事業環境が良かったことに加え、継続的な原価管理の徹底、現場サポート体制の強化などの利益改善施策の効果により、売上総利益率は前期比0.6ポイントアップの15.5%となり、売上総利益は32,110百万円(前期比1.3%増)となった。後述する中期経営計画“Century 2025”Phase2初年度(2020年3月期)の当初目標は売上総利益率15.0%であったが、この目標を大きく達成した点は評価に値するだろう。

一方で販管費は、STeP<Sanki Techno Park>計画完了に伴う減価償却費増などにより21,436百万円(前期比1.9%増、同389百万円増)となった。減収となったことから、対売上高比率は前期の9.9%から10.3%へ上昇したが、売上総利益の増加により、営業利益は前期比で増益を維持した。

受注高については、建築設備の受注高は前期比では減少となったが絶対的な水準は依然として高い。プラント設備の受注高は、機械システム事業は前期比で減少となったが、環境システム事業は大型案件を受注したことなどもあり前期比11.7%増となった。その結果、受注高合計は同10.6%減の194,018百万円となったが、水準としては高いと言える。また、次期繰越高は前年同期末比8.9%減の136,163百万円となり、依然として手持ち工事高は豊富であると言える。

(2) セグメント別損益状況

建築設備事業の売上高は171,501百万円(前期比4.3%減)となった。サブセグメント別では、ビル空調衛生は前期比1.1%減の70,756百万円となった。産業空調は67,736百万円(同7.8%減)と前期比では減収となったが、前期に大型案件が計上されたことによる影響が大きく、前々期(2018年3月期、46,556百万円)に比べれば依然として水準は高い。電気は同5.7%減の21,889百万円となり前期比では減収だが、絶対水準としては20,000百万円超を維持しており好調と言える。ファシリティシステムは同0.8%増の11,119百万円となった。

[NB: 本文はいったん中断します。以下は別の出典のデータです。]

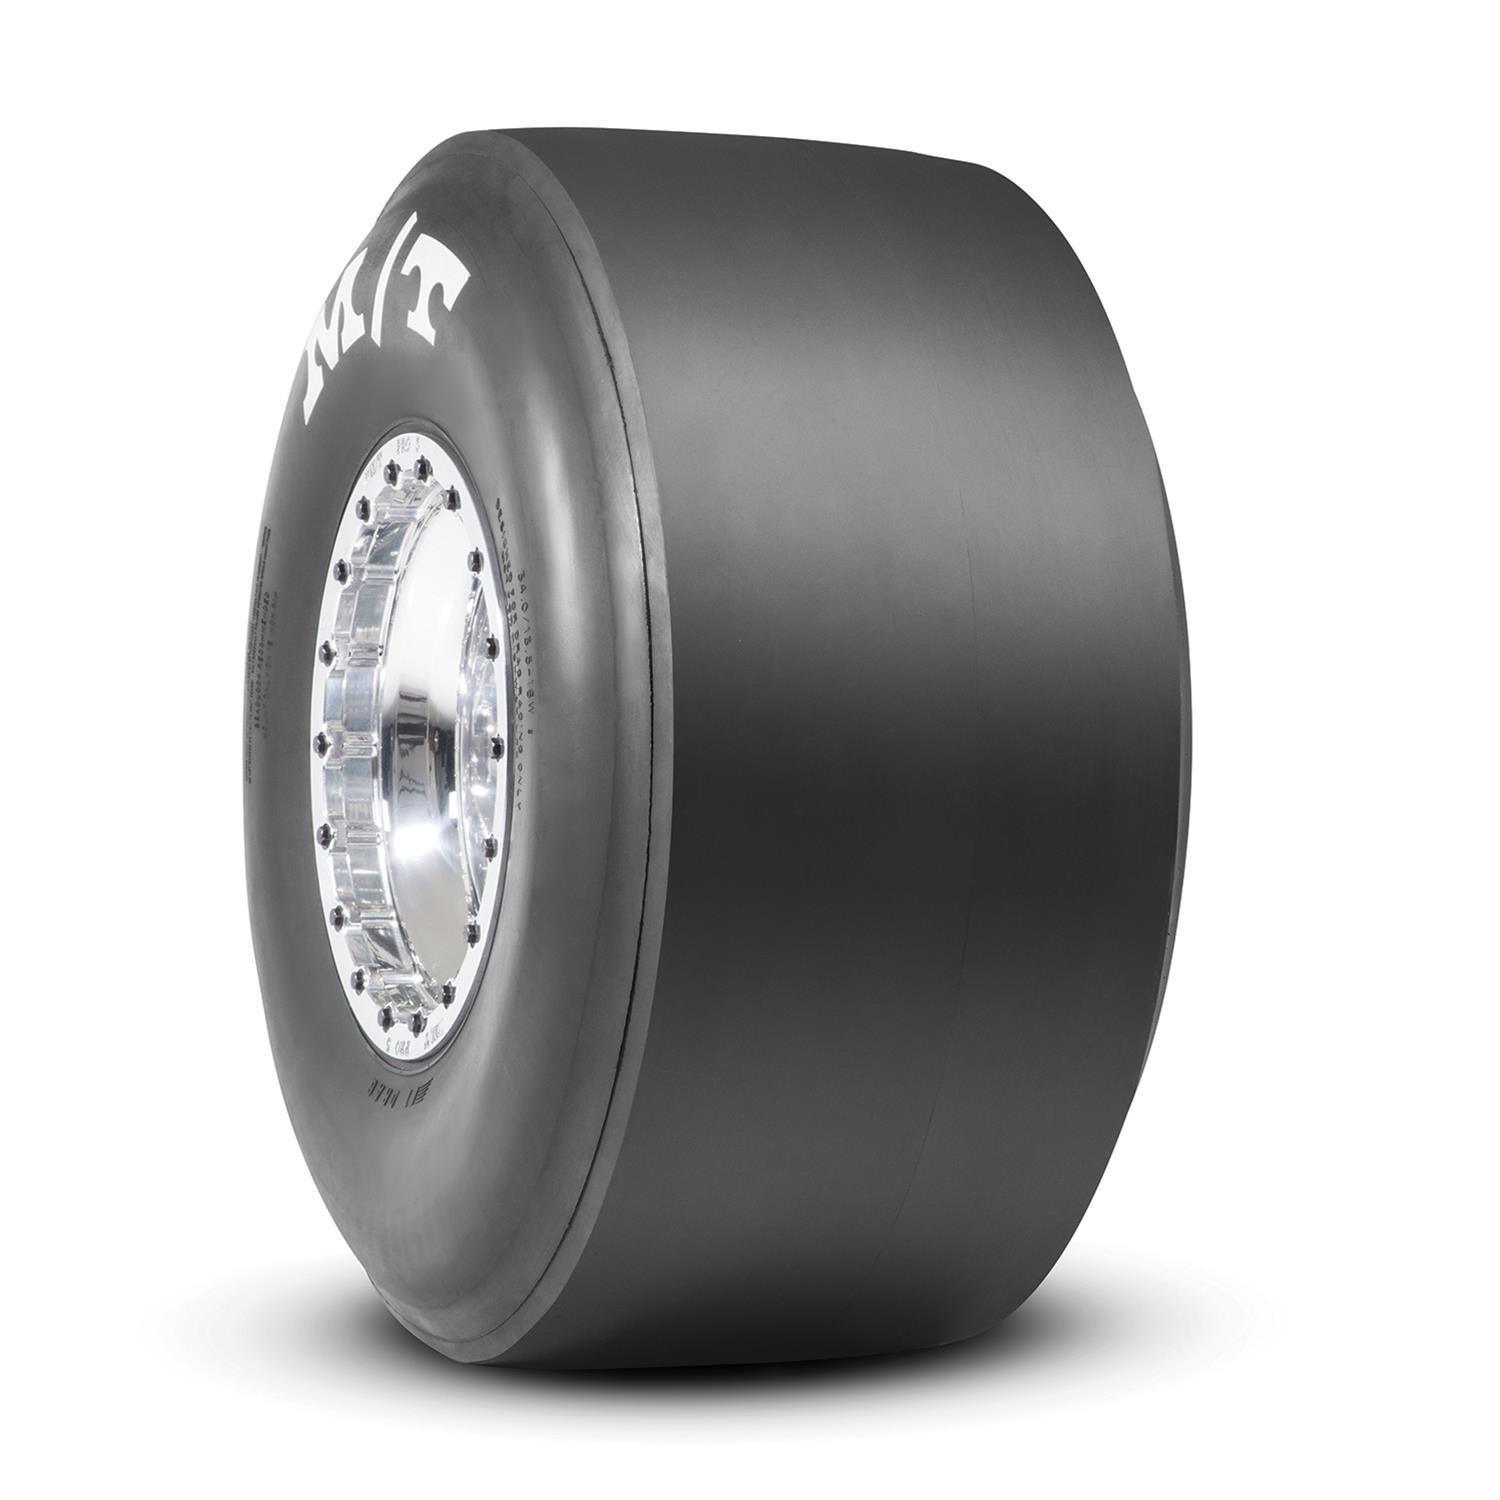 31.0/13.0-15 ET Drag Tire - Burlile Performance Products

プラント設備合計の売上高は前期比6.7%増の34,431百万円となった。機械システム事業は11,169百万円(前期比5.3%減)であったが、環境システム事業は以前に受注した大型DBO※案件が進行したことなどから23,261百万円(同13.6%増)となった。これら設備事業以外では、旧大和事業所跡地の一部を日本生命保険(相)へ賃貸開始したことなどから、不動産事業の売上高が同14.7%増の2,210百万円、その他が同29.7%増の931百万円となった。

※DBO(Design Build Operate)とは、設計・建設と運営・維持管理を民間の事業者(同社など)に一括発注する方式で、公設民営の1つの方式。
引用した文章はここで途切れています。